■ EXERCISE DETAILS:
In the records below, how many lines hold the word "Winter"? Give only the number.

■ DATASET CONTENT:
##########

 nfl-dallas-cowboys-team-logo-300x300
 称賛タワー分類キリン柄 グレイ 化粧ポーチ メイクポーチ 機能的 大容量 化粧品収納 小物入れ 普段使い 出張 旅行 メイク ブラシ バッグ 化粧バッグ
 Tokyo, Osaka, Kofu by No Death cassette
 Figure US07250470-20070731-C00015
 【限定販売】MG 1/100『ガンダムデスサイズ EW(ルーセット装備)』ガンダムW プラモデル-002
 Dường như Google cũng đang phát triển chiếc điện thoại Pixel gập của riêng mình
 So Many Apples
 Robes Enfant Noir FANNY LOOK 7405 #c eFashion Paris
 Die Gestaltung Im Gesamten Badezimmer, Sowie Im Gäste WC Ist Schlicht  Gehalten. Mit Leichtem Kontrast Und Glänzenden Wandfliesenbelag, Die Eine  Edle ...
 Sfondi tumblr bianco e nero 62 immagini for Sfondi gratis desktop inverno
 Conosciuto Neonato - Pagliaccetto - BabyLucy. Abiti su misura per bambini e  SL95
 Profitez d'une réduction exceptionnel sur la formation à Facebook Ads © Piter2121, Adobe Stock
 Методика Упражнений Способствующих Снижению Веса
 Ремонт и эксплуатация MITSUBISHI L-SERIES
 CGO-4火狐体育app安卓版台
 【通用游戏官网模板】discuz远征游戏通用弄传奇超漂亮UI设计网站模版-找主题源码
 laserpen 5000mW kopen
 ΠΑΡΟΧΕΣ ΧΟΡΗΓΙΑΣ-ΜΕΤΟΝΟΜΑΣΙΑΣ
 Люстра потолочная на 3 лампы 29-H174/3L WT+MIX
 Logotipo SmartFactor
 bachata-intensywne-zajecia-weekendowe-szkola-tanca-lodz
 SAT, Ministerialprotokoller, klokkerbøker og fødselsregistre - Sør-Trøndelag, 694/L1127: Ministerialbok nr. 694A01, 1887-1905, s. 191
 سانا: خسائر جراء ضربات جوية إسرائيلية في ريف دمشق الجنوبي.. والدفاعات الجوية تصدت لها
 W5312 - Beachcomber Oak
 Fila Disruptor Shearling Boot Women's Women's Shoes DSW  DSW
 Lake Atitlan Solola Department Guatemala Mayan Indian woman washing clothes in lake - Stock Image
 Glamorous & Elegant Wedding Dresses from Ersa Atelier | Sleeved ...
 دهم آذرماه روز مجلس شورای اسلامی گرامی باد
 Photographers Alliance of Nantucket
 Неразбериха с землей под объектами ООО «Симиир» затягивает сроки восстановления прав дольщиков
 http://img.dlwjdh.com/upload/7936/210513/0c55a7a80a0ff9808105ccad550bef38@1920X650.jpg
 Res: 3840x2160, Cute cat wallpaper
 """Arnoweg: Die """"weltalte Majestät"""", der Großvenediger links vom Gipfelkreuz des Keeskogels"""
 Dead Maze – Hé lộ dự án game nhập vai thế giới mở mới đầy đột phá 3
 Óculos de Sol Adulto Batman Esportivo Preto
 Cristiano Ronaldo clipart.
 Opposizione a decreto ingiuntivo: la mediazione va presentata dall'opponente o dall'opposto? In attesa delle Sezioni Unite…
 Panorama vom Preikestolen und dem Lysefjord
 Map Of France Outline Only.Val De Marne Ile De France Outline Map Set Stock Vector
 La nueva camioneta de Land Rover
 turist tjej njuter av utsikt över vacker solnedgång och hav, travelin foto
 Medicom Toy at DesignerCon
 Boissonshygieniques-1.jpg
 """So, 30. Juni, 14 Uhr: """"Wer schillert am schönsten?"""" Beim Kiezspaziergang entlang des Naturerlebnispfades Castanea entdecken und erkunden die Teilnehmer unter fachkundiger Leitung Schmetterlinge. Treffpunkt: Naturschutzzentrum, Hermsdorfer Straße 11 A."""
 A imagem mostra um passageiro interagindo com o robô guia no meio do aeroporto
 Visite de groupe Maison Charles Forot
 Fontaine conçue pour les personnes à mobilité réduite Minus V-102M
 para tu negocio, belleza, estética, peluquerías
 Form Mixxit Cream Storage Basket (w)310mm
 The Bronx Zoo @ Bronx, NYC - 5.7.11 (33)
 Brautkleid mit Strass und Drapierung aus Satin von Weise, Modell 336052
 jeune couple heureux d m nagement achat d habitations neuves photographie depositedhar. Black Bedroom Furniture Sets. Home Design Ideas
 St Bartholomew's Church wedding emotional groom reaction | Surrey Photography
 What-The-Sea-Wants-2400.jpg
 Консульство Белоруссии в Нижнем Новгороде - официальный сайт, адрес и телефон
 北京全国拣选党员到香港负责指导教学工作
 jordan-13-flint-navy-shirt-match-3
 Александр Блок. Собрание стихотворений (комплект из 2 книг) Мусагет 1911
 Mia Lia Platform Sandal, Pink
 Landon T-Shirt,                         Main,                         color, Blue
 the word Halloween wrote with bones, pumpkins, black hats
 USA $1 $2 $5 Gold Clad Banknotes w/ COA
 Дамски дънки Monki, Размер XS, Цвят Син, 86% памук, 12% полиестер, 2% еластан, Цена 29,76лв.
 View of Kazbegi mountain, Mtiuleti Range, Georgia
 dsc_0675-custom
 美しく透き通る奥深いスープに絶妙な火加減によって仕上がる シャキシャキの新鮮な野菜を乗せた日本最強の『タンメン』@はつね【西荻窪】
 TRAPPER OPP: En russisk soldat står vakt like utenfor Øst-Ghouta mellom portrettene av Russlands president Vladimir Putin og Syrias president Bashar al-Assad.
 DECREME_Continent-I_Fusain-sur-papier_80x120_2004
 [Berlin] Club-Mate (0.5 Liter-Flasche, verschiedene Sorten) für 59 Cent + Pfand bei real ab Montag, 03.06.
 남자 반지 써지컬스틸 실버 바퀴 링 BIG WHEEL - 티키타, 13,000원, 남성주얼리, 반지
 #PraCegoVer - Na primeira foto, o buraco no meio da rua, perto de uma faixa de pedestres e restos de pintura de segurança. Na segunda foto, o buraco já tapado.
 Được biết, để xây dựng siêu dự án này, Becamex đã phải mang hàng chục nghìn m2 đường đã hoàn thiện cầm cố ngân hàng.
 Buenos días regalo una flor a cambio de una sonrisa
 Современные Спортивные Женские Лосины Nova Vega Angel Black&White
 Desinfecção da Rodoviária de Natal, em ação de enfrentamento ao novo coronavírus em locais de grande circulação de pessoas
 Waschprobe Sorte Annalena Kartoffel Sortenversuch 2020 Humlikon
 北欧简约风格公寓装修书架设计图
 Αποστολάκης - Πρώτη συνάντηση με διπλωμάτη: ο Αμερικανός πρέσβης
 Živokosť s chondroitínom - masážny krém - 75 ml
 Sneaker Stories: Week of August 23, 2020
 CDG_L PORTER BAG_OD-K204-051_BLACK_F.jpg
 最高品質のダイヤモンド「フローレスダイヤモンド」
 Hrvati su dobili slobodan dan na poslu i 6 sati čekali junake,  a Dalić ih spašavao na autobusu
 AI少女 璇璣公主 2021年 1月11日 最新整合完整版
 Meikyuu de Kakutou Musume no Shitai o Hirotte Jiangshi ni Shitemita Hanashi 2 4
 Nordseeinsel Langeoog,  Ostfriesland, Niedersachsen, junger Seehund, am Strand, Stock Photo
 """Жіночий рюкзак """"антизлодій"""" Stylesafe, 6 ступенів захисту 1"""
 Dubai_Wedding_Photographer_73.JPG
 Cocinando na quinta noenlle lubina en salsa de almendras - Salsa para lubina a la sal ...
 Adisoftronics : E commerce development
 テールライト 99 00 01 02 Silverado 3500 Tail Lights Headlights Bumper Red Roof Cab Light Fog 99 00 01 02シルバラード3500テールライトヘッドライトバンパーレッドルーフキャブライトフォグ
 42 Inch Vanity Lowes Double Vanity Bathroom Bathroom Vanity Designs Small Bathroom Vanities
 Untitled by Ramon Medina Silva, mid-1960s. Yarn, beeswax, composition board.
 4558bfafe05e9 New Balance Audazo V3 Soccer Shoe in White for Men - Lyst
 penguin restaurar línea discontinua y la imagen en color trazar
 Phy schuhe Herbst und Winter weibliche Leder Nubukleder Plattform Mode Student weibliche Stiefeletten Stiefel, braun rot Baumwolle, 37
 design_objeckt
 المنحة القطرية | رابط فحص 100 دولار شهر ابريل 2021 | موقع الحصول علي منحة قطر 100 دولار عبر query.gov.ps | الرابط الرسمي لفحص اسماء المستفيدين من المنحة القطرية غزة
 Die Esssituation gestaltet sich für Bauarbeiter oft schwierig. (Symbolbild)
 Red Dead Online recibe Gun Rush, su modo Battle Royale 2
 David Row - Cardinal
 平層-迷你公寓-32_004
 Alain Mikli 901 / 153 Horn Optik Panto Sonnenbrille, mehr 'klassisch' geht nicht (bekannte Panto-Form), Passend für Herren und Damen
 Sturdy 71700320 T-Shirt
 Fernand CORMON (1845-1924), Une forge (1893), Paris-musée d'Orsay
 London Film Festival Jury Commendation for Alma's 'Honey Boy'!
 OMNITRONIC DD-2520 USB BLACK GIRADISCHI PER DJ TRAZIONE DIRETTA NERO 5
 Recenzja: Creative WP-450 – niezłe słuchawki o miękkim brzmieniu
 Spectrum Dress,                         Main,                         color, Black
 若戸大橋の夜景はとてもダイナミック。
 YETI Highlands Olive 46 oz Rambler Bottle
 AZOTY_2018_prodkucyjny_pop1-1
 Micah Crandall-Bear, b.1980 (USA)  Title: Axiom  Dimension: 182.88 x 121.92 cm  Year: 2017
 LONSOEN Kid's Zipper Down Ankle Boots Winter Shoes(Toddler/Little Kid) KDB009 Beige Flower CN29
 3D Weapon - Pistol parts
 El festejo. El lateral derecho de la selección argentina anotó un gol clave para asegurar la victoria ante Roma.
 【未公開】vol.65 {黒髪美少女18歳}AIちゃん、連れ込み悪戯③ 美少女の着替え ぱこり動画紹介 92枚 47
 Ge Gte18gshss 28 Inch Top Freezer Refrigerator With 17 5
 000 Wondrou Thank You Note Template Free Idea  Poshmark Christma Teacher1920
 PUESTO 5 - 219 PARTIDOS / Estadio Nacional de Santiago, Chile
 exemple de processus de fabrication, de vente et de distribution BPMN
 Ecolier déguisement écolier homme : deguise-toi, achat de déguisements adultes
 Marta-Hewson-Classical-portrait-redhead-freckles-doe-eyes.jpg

##########

■ OUTPUT BELOW:
2